Отрывок из повести "Светлая вода"

               В старом плацкартном вагоне душно и жарко.  Пожилая проводница сердито ворчала на пассажиров и уверяла, что не включит кондиционеры до тех пор, пока не закроют все окна. Окна, наконец, закрыли. Через полчаса в вагоне стало еще жарче, поскольку кондиционеры не вышли на режим охлаждения и гнали горячий воздух. Окна снова открыли. В общем, знакомая любому пассажиру ситуация. Все знали, что этой ночью никому жарко уже не будет.

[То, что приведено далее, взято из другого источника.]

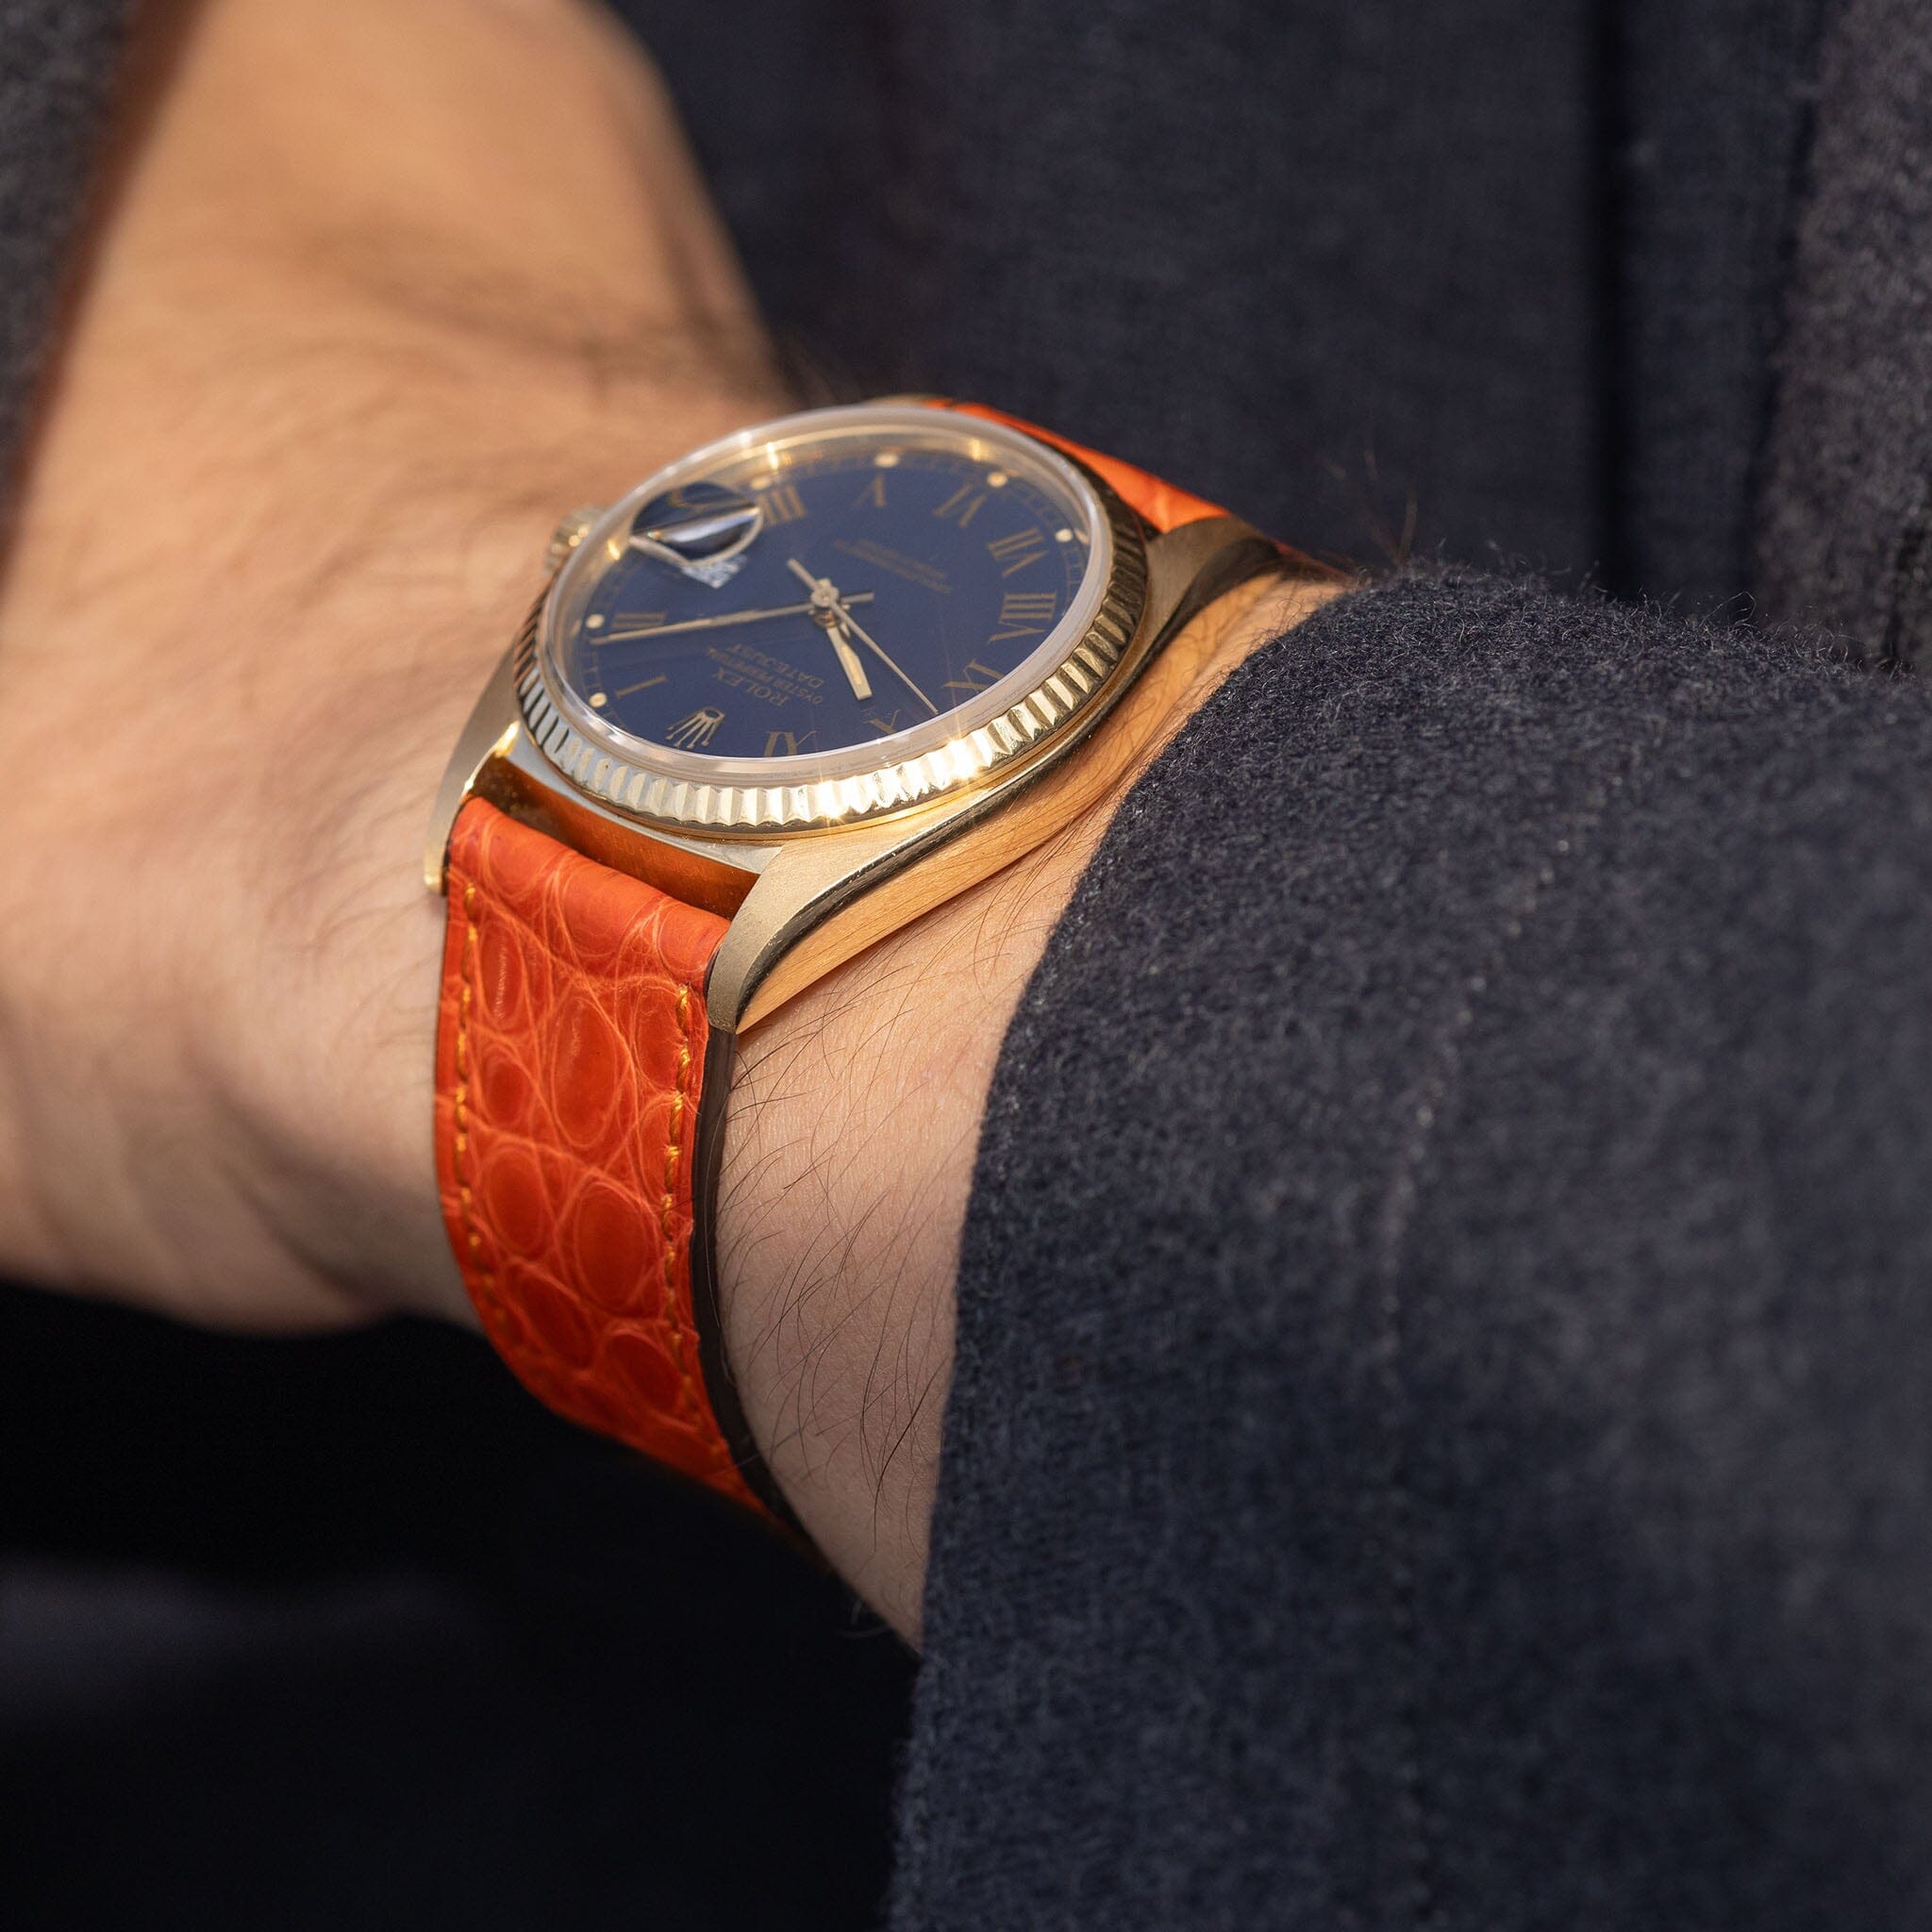 Rolex Datejust 16018 Buckley with orange Alligator Leather Watch Strap

                За полноводной Свирью лес стал заметно выше и темнее, настоящая тайга. Пошел сложный рельеф с поднимающимися сопками и глубокими складками, заполненными озерной водой. Повсюду поднимались скопления валунов и причудливых скал – следов ледника, покрывавшего когда-то всю территорию Балтийского щита. Это была уже знакомая ему Карелия. В этот раз он отправлялся к Белому морю, и это показалось Санину  возвращением.
             За соседней стенкой изрядно подвыпившая кампания шумно резалась в карты. Из тамбура вагона тянуло табачным дымом. Проводница, как могла, убеждала пассажиров потерпеть временные неудобства.
            - Пусть себе гуляют. Они же никого не трогают. Им замечание сделаешь – себе же дороже будет. Знаете, какие здесь места?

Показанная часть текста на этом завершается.